It’s no longer all about you

First and foremost this is the most important thing that I feel is at the heart of what I try to make my leadership decisions based on. I’m now out there representing more than myself, I’m representing a team or even a whole workforce and sometimes therefore my wants and needs will have to take a back seat. I’ve been in meetings where I have given up something I want because actually it enabled something to happen for the wider good of my workforce. I personally don’t think there’s a place for selfishness once you are in a band 8 + position, although I’m also sure that I’m not perfect and probably don’t always make the best calls, it just means I make a conscious effort to keep it in mind. That doesn’t mean that sometimes things don’t work out so you get the best of both worlds, but when you are representing more than yourself you have to do exactly that, represent.
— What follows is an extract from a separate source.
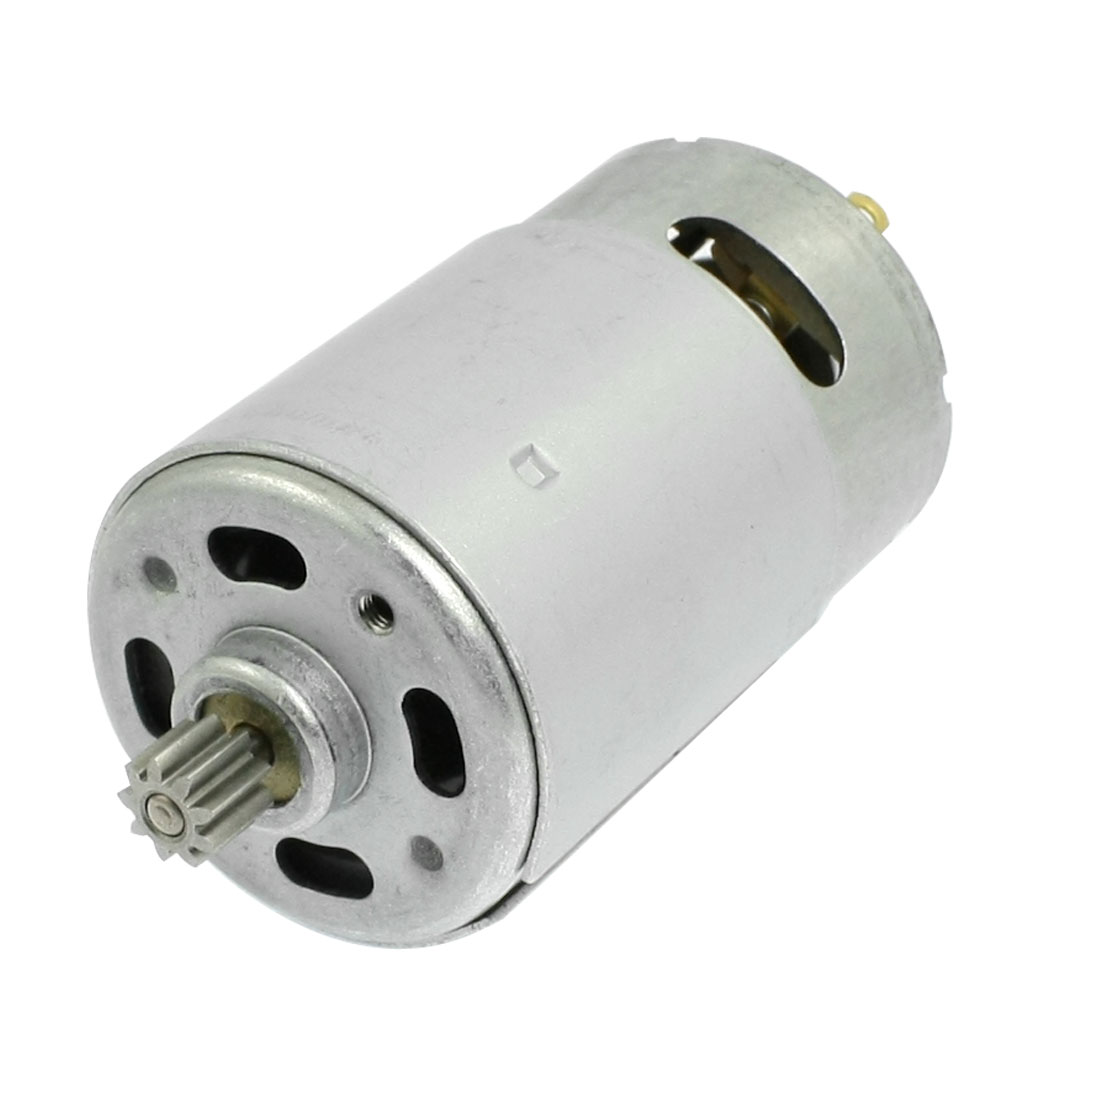 Unique Bargains DC 18V 9 Teeth Shank Gear Motor Replacement for Rechargeable Electric Drill

It’s no longer all about doing

One of the things that I think can be especially challenging when stepping up into a senior role, when you are more used to an operational or service provision role, is making the switch from being the person who does to being the person who sees. What I mean by that is that a lot if my job is about constantly having one eye to the future. Where are we going next? What are our current strengths and weaknesses and how do we manage them moving forward? What are the challenges coming down the road and what can we do now to prepare as much as possible? Not only that but once I have a path in mind I have to develop how we are going to get there and communicate that vision as broadly as possible. Obviously this isn’t done in isolation, it needs to always be an inclusive process, but a lot of the thinking sits with me. If you continue to only have an operational view, it can rabbit hole you into the present, it can then be a struggle to emerge for long enough to do that vision piece. So, although it may be comforting to get back to the bed side or to the bench, you have to make sure you’re doing it to maintain skills when needed rather than avoiding seeing the landscape laid out in front of you.
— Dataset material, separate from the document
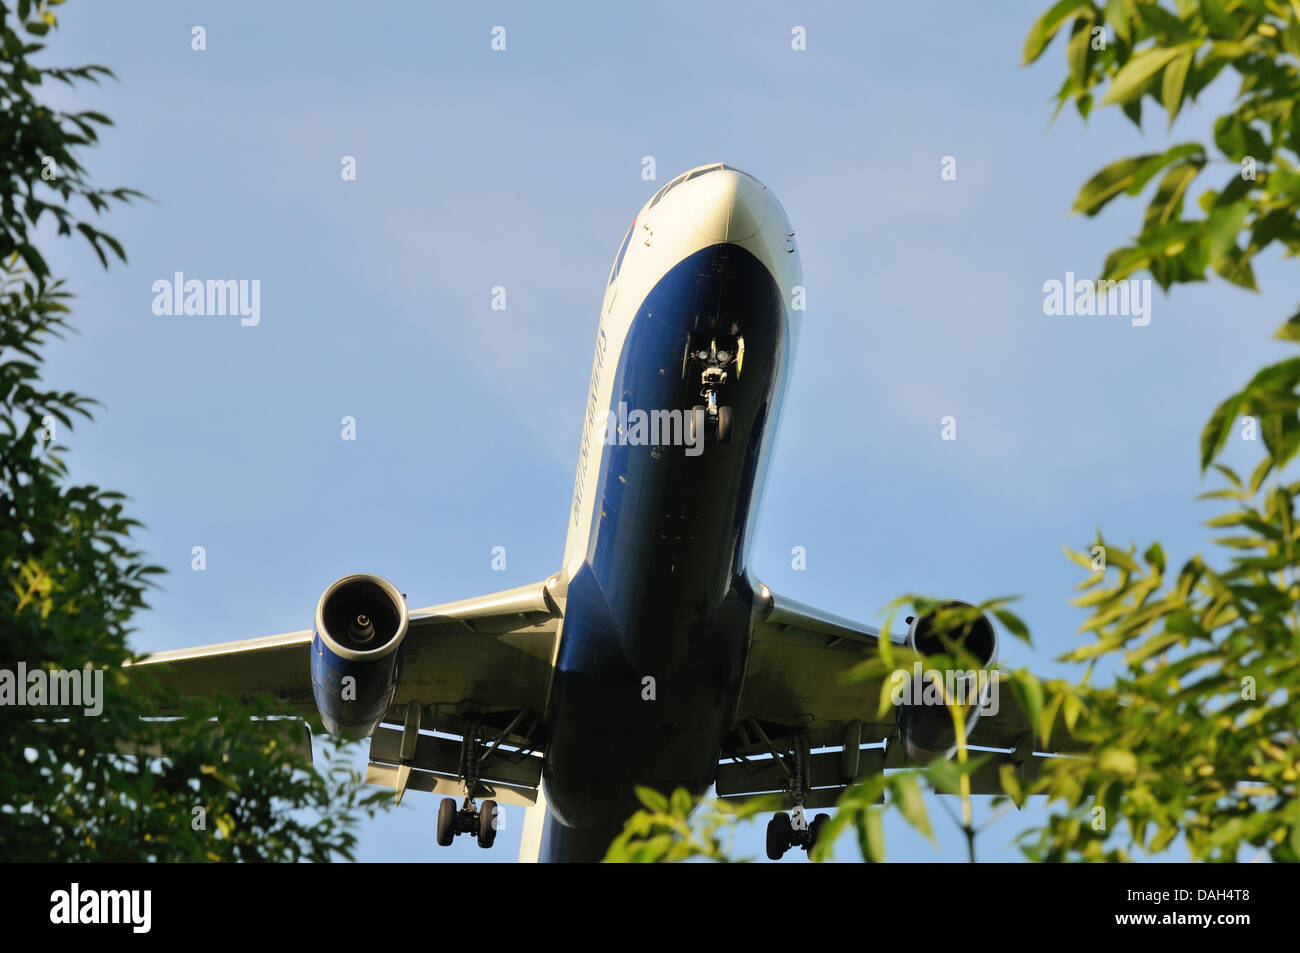 A large low-flying aircraft seconds from landing at Glasgow international airport, Scotland, UK Stock Photo

It’s no longer about picking and choosing who you work with

We all have people we love working with and some people where, because we don’t necessarily share the same vision, it is more challenging. As you become more senior you have less and less choice about who you work/collaborate with, those decisions are made due to the work and not due to personal preferences. This may sound odd but I genuinely believe that this is not only right but a good thing. If you only work with people who are easy, who see the world the same way you do, are you really working to reflect the wider attitudes of your staff? Although not easy some of the best project outcomes I’ve had have come from working with people who have very different attitudes, values and objectives. If done well and professionally these relationships enable you to have constructive challenge and see work or scenarios in a way you never would alone. They may not lead you to change your direction but they will always help your thinking as to why, and often help you to develop and articulate your arguments in a way you may have not gotten to on your own. Best case, you’ll get an outcome you couldn’t have achieved on your own, worst case you’ll have clarified your thinking. This doesn’t mean that I don’t (as someone who likes to be liked) find this a particularly challenging aspect of leadership, it’s just that I also really see the value in it. Hiding is no longer an option.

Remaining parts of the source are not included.